Nurses Compass
Drug Guide
Haloperidol Lactate
Classification
Therapeutic: Antipsychotic (Neuroleptic)
Pharmacological: Butyrophenone Derivative
FDA Approved Indications
- Schizophrenia
- Acute psychosis
- Tic disorders (e.g., Tourette syndrome)
- Hiccups (off-label)
Mechanism of Action
Haloperidol blocks dopamine D2 receptors in the brain, reducing dopaminergic neurotransmission, which alleviates psychotic symptoms.
Dosage and Administration
Adult: Typically 2-10 mg orally two to three times daily; dosage adjusted based on clinical response and tolerability.
Pediatric: Dosing varies; usually 0.05-0.15 mg/kg/day divided into two or three doses, not to exceed 12 mg/day.
Geriatric: Start at lower doses, e.g., 0.5-1 mg twice daily, and titrate slowly.
Renal Impairment: Use with caution; no specific dose adjustment established, monitor for toxicity.

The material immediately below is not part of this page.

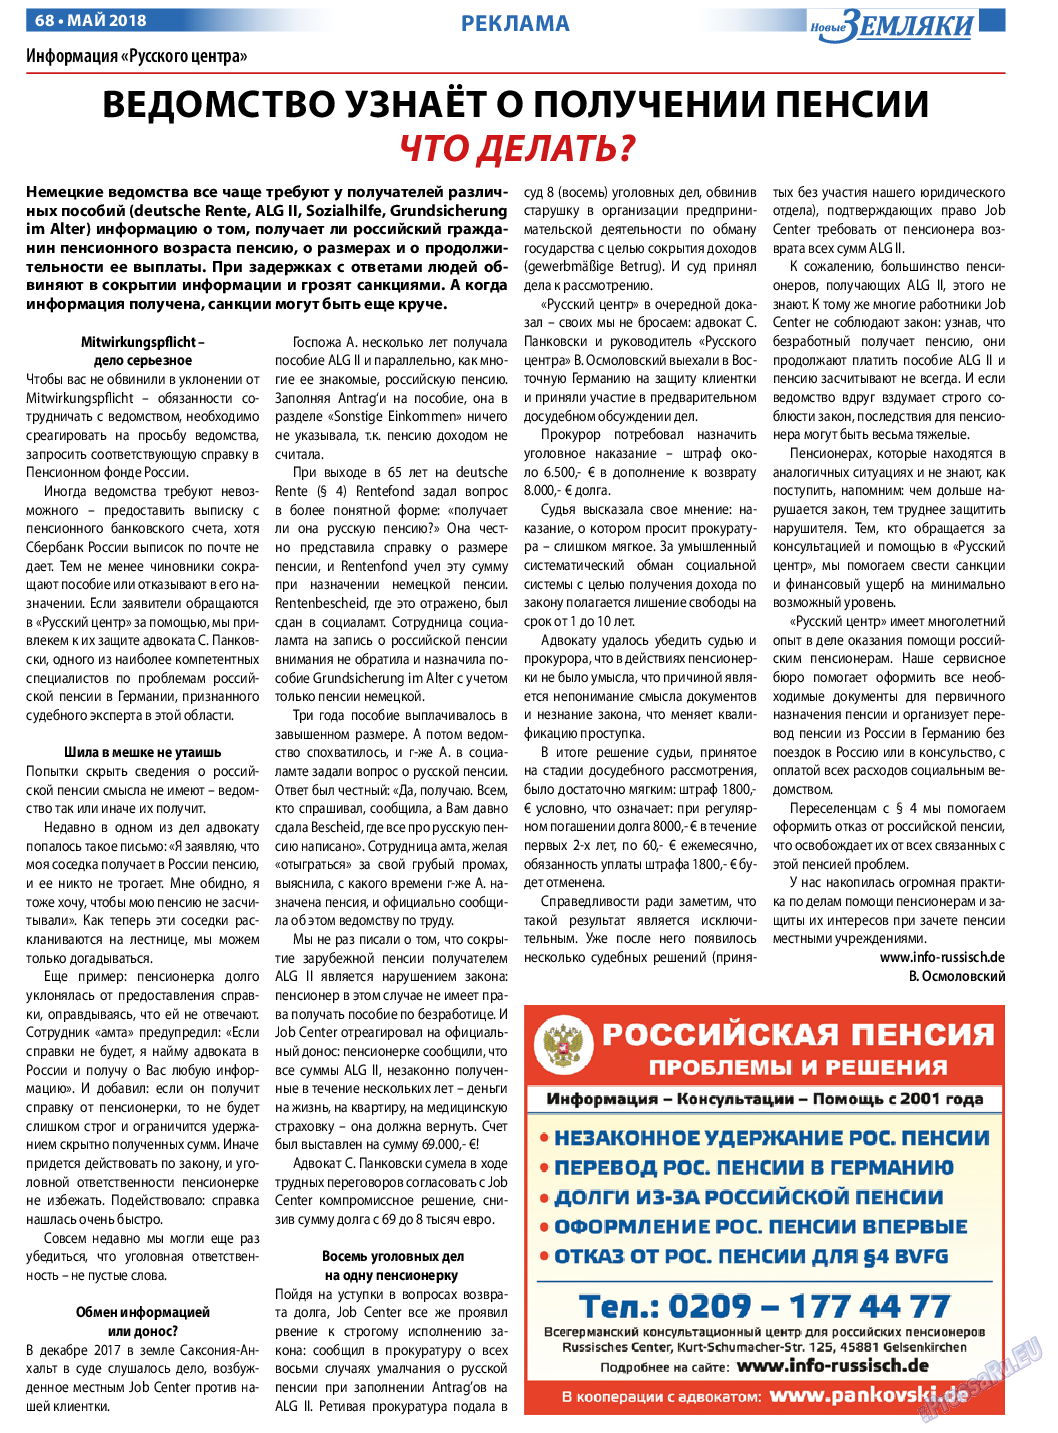 Новые Земляки, газета. 2018 №5 стр.68
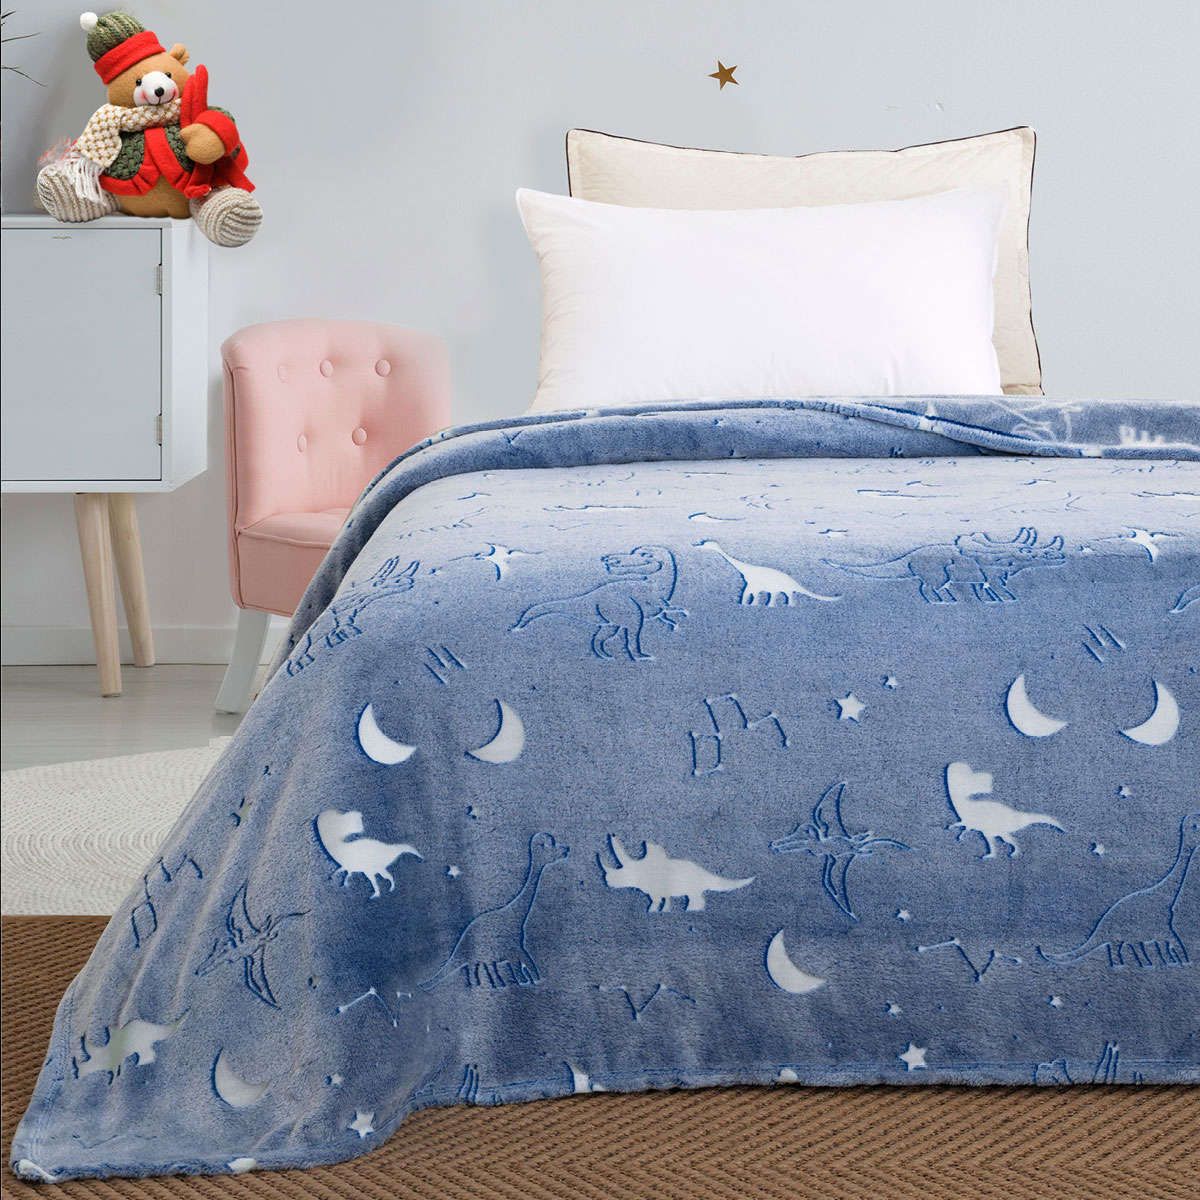 Παιδική κουβέρτα μονή φωσφορίζουσα Flash Art 6128 light blue beauty home

Hepatic Impairment: Use with caution; dose reduction may be necessary, monitor liver function.
Pharmacokinetics
Absorption: Well absorbed orally.
Distribution: Widely distributed, crosses the blood-brain barrier.
Metabolism: Extensively metabolized in the liver by CYP3A4 and CYP2D6 enzymes.
Excretion: Primarily via urine as metabolites.
Half Life: Approximately 20 hours.
Contraindications
- Parkinson's disease
- Comcomitant use with linezolid or methylene blue (serotonin syndrome risk)
- Known hypersensitivity to haloperidol
Precautions
- History of seizures
- Cardiovascular disease (QT prolongation risk)
- Dementia-related psychosis (increased mortality risk in elderly)
- Pregnancy and lactation: Use only if clearly needed; safety not established.
Adverse Reactions - Common
- Extrapyramidal symptoms (dystonia, akathisia, Parkinsonism) (Common)
- Sedation (Common)
- Hypotension (Common)
- Dry mouth, blurred vision, urinary retention (Common)
Adverse Reactions - Serious
- QT prolongation and torsades de pointes (Rare)
- Neuroleptic malignant syndrome (NMS) (Rare)
- Leukopenia, neutropenia, agranulocytosis (Rare)
- TD (Tardive dyskinesia) with long-term use (Potentially irreversible)
Drug-Drug Interactions
- Other CNS depressants, including alcohol and opioids
- Anticholinergic agents (potentiation of anticholinergic effects)
- Metoclopramide, other dopamine antagonists
Drug-Food Interactions
N/ADrug-Herb Interactions
N/ANursing Implications
Assessment: Monitor for signs of extrapyramidal symptoms, neuroleptic malignant syndrome, QT prolongation, vital signs, and mental status.
Diagnoses:
- Risk for injury related to extrapyramidal symptoms or orthostatic hypotension.
- Imbalanced nutrition: Less than body requirements due to sedation.
Implementation: Administer with food or milk to decrease gastrointestinal irritation. Monitor ECGs in at-risk patients. Adjust doses based on clinical response and side effects.
Evaluation: Assess for resolution of psychotic symptoms, minimize side effects, and ensure patient safety.
Patient/Family Teaching
- Take medication exactly as prescribed.
- Notify healthcare provider if experiencing muscle stiffness, tremors, fever, or unusual movements.
- Avoid alcohol and operating heavy machinery until stabilized.
- Report any signs of abnormal heart rhythm, such as palpitations or dizziness.
Special Considerations
Black Box Warnings:
- Elderly patients with dementia-related psychosis treated with antipsychotics are at increased risk of death.
Genetic Factors: Patients with CYP2D6 poor metabolizer phenotype may have increased plasma levels.
Lab Test Interference: May cause false positives in urinary catecholamine tests.
Overdose Management
Signs/Symptoms: Extrapyramidal symptoms, hypotension, altered mental status, seizures, coma.
Treatment: Supportive care, manage symptoms, activated charcoal if recent ingestion, and symptomatic treatment. Cardiac monitoring for QT prolongation.
Storage and Handling
Storage: Store at room temperature, away from light and moisture.
Stability: Stable at room temperature for at least 24 months.